Em busca da verdade e da justiça: julgamento dos assassinos do cacique Marcos Veron

A cidade de São Paulo, esse grande formigueiro humano, de mais de 12
milhões de pessoas agitadas, será, nesta semana, um espaço de muita atenção e confiança dos Kaiowá Guarani. O reinício do julgamento dos
assassinos do Cacique Marcos Veron, neste dia 21 de fevereiro, teve
grande repercussão na mídia local e nacional. Trata-se de um
acontecimento raro, pois poucos matadores de índios e, em especial dos
Guarani, foram até hoje julgados. Outro fato que chama atenção é o
deste julgamento ter sido deslocado de Dourados, no Mato Grosso do
Sul, para São Paulo. Os Procuradores da República entenderam que
naquela cidade poderia não haver a isenção necessária para o
julgamento deste crime.

Quase quarenta Kaiowá Guarani vieram a São Paulo para acompanhar de
perto e participar do julgamento. São testemunhas de acusação e a
visibilização dos atingidos por este crime. São a acusação de uma
história de violências e impunidade sem precedentes na história
recente do nosso país. Filhos, parentes e amigos de Marcos Veron e
lutadores da justiça estarão nesse pequeno espaço próximo ao centro
nervoso e econômico de São Paulo, a Avenida Paulista, nos próximos
dias, clamando por justiça, fim da impunidade e reconhecimento das
terras Kaiowá Garani, razão do assassinato do cacique Marcos.

Eles vêm de uma história marcada pelos massacres, violência, usurpação
de suas terras, destruição das florestas e da natureza. Eles vêm da
terra em que se exalta um tipo de progresso e desenvolvimento através
do agronegócio, concentrador e excludente, da monocultura e dos
transgênicos, do agrotóxico, de profundo impacto na natureza e
poluição das águas e da terra. Eles vêm do território Guarani, dos
índios sem terra, dos acampamentos e confinamentos deste povo. Eles
vêm do sofrimento, da fome, da injustiça e da impunidade. Vêm apenas
pedir justiça e, do alto de sua heróica resistência e dignidade, pedir
punição.

No primeiro dia do julgamento, o tempo foi ocupado com a escolha dos
sete jurados. Dentre os candidatos, a defesa dos réus vetou três
mulheres, o que, para um dos antropólogos presentes, sinaliza o
afastamento da sensibilidade maior das mulheres e os possíveis
impactos de semelhante crime. Depois foram lidas as peças dos autos
solicitadas pela acusação e a defesa, onde se explicitam os argumentos
das partes, no assassinato. Dentre os Kaiowá Guarani presentes no
pequeno plenário, onde estavam umas 30 pessoas, estavam três filhas e
sete netos do cacique assassinado. Ao ouvirem a leitura de depoimentos
colhidos pela policia da região, permaneceram num indignado silêncio.
Desabafaram depois de encerrada a sessão, antes das cinco horas da
tarde, pela ausência dos testemunhas de acusação, que foram impedidos
de embarcar no aeroporto de Dourados, sob a alegação de que, pintados
e de cocares, não poderiam embarcar. Posteriormente se deslocaram até
Campo Grande e daí a São Paulo. “Incrível como se montam mentiras e
distorcem totalmente os acontecimentos para tentar encobrir um crime
tão bárbaro como o assassinato de meu pai”, desabafou Valdelice.

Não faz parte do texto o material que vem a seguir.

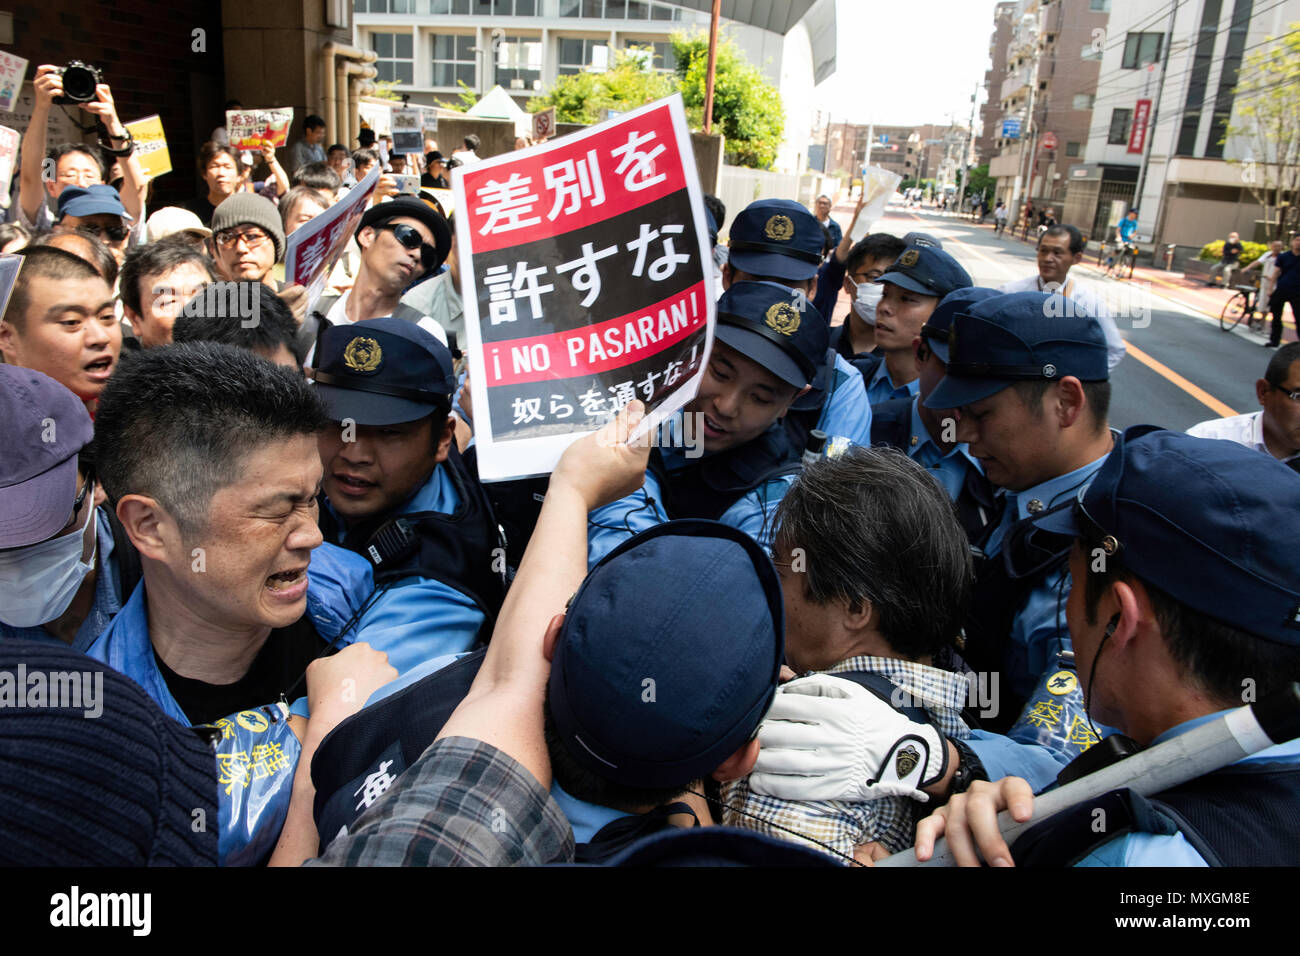 KAWASAKI, JAPAN - JUNE 03: Protesters holding up signs, including one saying 'NO HATE & NO RACISM' gather in front of Educational Cultural Hall in Kawasaki, Kanagawa prefecture, Japan on June 3, 2018. The anti-racist group forcefully stop the nationalists attendees from entering the building for a planned meeting by a hate speech members in Kanto region following a scuffle with the police, nationalists and the protesters. (Photo: Richard Atrero de Guzman/Aflo) Stock Photo

Depois do encerramento dos trabalhos do julgamento neste primeiro dia,
os Kaiowá Guarani fizeram um rápido ritual de agradecimento e pedido
aos espíritos de seus antepassados para que os protejam, e iluminem os
que vão julgar o assassinato, para que a paz e a justiça volte a
reinar e suas terras sejam reconhecidas, devolvidas e respeitadas
conforme as leis nacionais e internacionais.

Após o encerramento dos trabalhos, vieram para a aldeia Guarani Mbyá,
no morro do Jaraguá, na periferia de São Paulo. Ali foram acolhidos
com muito carinho pelos seus parentes, num gesto de solidariedade e
apoio Guarani. Ali lhes ofereceram jantar e o espaço para descansar os
corpos cansados depois de longas viagens, desde o Mato Grosso do Sul.

É um julgamento histórico para os Kaiowá Guarani e os povos indígenas
do país. Este povo não aguenta mais tanta violência e impunidade.


Egon Heck
Campanha Povo Guarani Grande Povo
Aldeia do Jaraguá, São Paulo, 21 de fevereiro de 2011.